Mechanistically, excess ROS likely drive EC senescence through DNA damage and DDR pathway activation. Oxidative DNA damage often occurs at telomeres [82, 83], which can lead to telomere uncapping [84, 85], telomere shortening and length-independent telomere damage [86]. In addition to damage to telomeres themselves, high glucose also induces EC senescence by decreasing telomerase activity within ECs [87, 88] and is associated with increased ROS. Combining the above phenomena and related studies, some studies indicate that telomeres may serve as highly sensitive sensors of stress, with the type of damage depending on the degree of oxidative stress [86]. In addition to nuclear DNA, mitochondrial DNA (mtDNA) is more vulnerable to extensive and persistent oxidative damage (particularly displacement loops) because of the lack of protective histones [89]. In a hyperglycemic environment, increased Nox activity increases the expression of MMPs [90], and then, ROS stimulation facilitates the translocation of MMPs into the mitochondria, which also impairs mtDNA [91]. Damaged mtDNA leads to dysfunctional transcription and protein synthesis, further disrupting electron transport and exacerbating ROS production. Ultimately, mitochondrial dysfunction acts as both a driver and a consequence of EC senescence [92, 93].
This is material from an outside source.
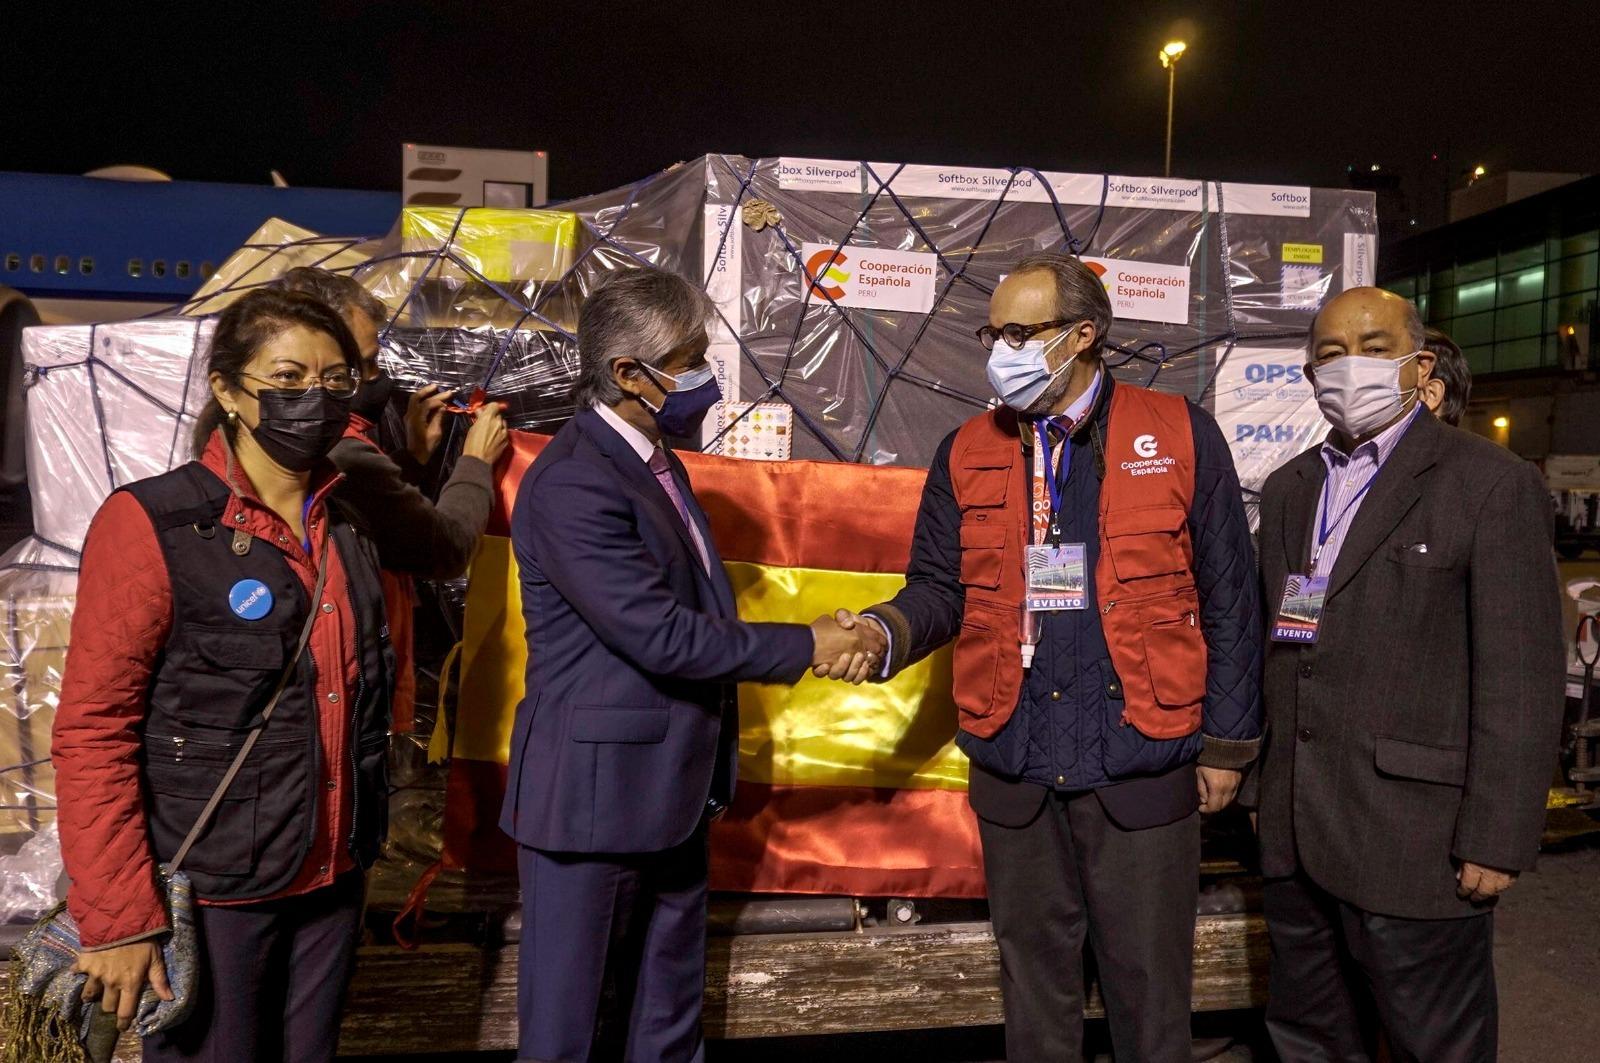 La Agencia Española de Cooperación Internacional para el Desarrollo entrega más de 100.000 dosis de vacuna AstraZeneca a las autoridades de Perú.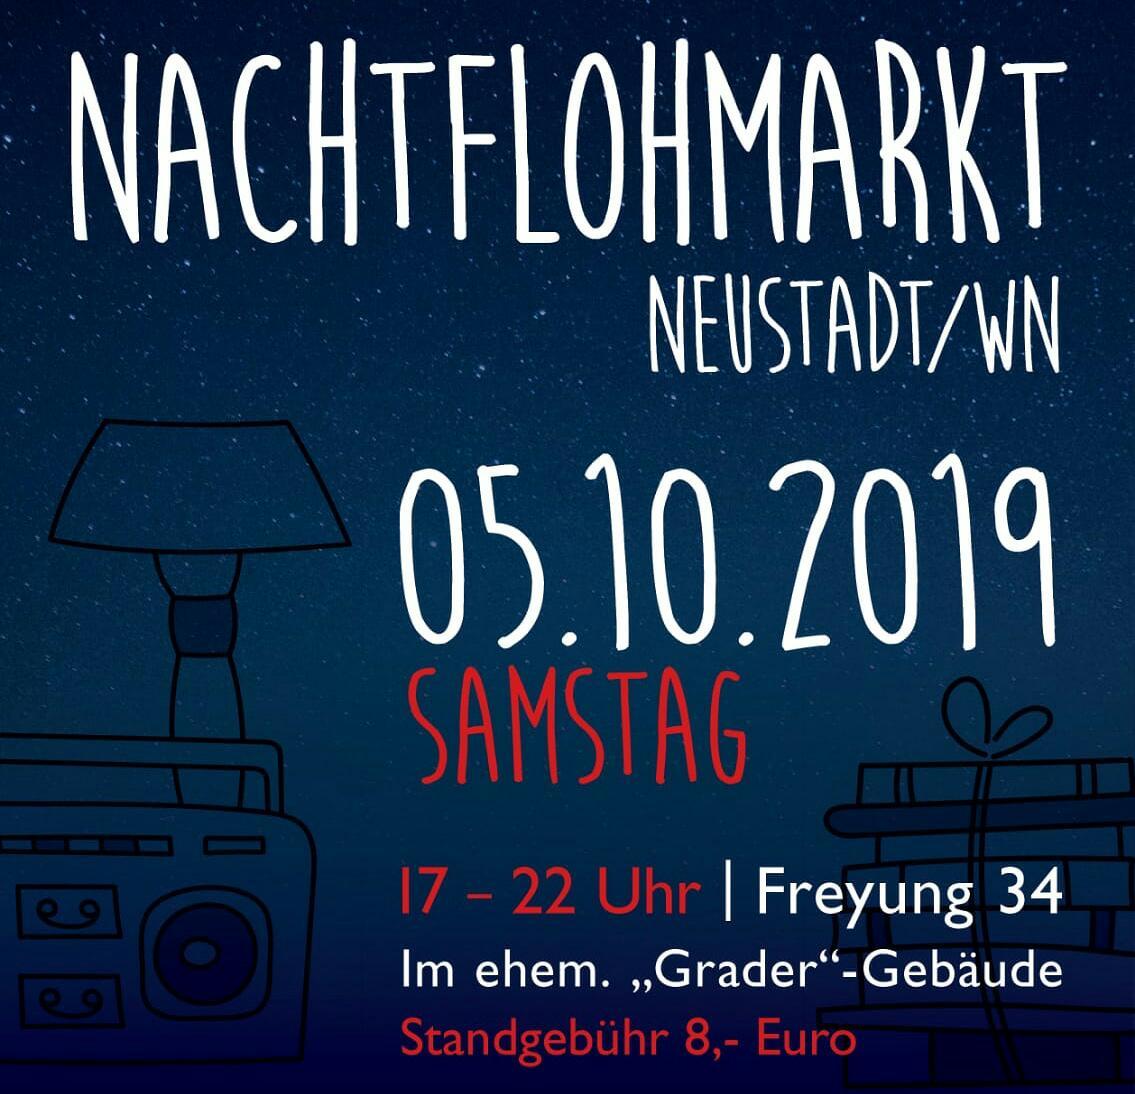 Der Neustädter Indoor-Nacht-Flohmarkt

In addition to increased oxidative stress production, hyperglycemia also causes a decrease in antioxidant levels within ECs. The levels of antioxidants, including reduced glutathione, superoxide dismutase, and catalase, are lower in the retinas of diabetic rats than in those of nondiabetic rats [94]. Similarly, sirtuins (SIRTs), which act as NAD+-dependent deacetylases and ADP-ribosyl transferases [95], are also important targets for oxidative stress-induced EC senescence under hyperglycemic conditions. SIRT1 and SIRT6 can promote cellular repair and stress resistance in response to elevated cellular NAD+, while SIRT3 localized in mitochondria can protect cells from oxidative stress [95]. However, hyperglycemia suppresses SIRT1 expression, which decreases the expression of mitochondrial antioxidant enzymes (mainly manganese superoxide dismutase) via a histone acetylase- and forkhead box O1 (FOXO1)-mediated pathway, leading to mitochondrial ROS production [33]. In turn, the endothelial expression of SIRT1 and SIRT6 is reduced in response to oxidative stress, which strengthens the p53/p21 pathway [96,97,98]. In conclusion, depletion of mitochondrial SIRTs mediates glucose-induced oxidative stress and EC senescence [99].
Chronic inflammation
Chronic inflammation is a pathophysiological hallmark of DM and a recognized activator of cellular senescence. The cGAS-STING pathway is one of the most important regulators of EC senescence and chronic inflammation. On the one hand, the accumulation of extracellular and cytoplasmic DNA in ECs activates the cGAS-STING pathway, which leads to EC senescence by activating kinase tank-binding kinase 1 and type I IFN secretion [100, 101]; on the other hand, the activated cGAS-STING pathway activates the NF-κB signaling pathway, which stimulates the expression of TNF, IL-1β, IL-6, and IL-8, among others [102], thereby initiating and maintaining EC senescence [103]. Like oxidative stress, chronic inflammation can also drive EC senescence through DNA damage and DDR pathway activation. For example, TNFα-induced EC senescence initiates a positive feedback loop through sustained activation of the Janus kinase/signal transducer and activator of transcription (JAK-STAT) pathway, leading to prolonged DNA damage and cytokine secretion that perpetuates the senescent state [104].
NO reduction
NO is vasculoprotective and antagonistic to EC senescence [62]; thus, the key effectors of hyperglycemia-induced EC senescence are likely related to NO levels. Normally, endothelial nitric oxide synthase (eNOS) utilizes the precursor substance L-arginine to produce NO, which is also a substrate for arginase. In diabetic retinas and high glucose-treated retinal ECs, arginase activity is increased, and less L-arginine is available to eNOS, resulting in decreased NO production [105]. Moreover, several studies have demonstrated that hyperglycemia can lower NO levels by inhibiting eNOS generation, activity and coupling [62, 106,107,108]. Specifically, eNOS coupling is attributed mainly to the depletion of L-arginine and tetrahydrobiopterin (BH4) induced by hyperglycemia [106]; thus, uncoupled eNOS and Nox can produce superoxide using molecular oxygen as a substrate. Next, superoxide binds NO with high affinity to form peroxynitrite (ONOO−), and then ONOO− can oxidize BH4 and disrupt the zinc-thiolate clusters of eNOS, further culminating in eNOS uncoupling [109]. Furthermore, various ROS (such as ONOO− and H2O2) can induce EC senescence by increasing endothelial arginase expression and activity and reducing NO bioavailability [110, 111]. Studies have demonstrated that a DM-induced increase in arginase 1 expression promotes EC senescence through activation of the p16INK4A and p53 signaling pathways [74].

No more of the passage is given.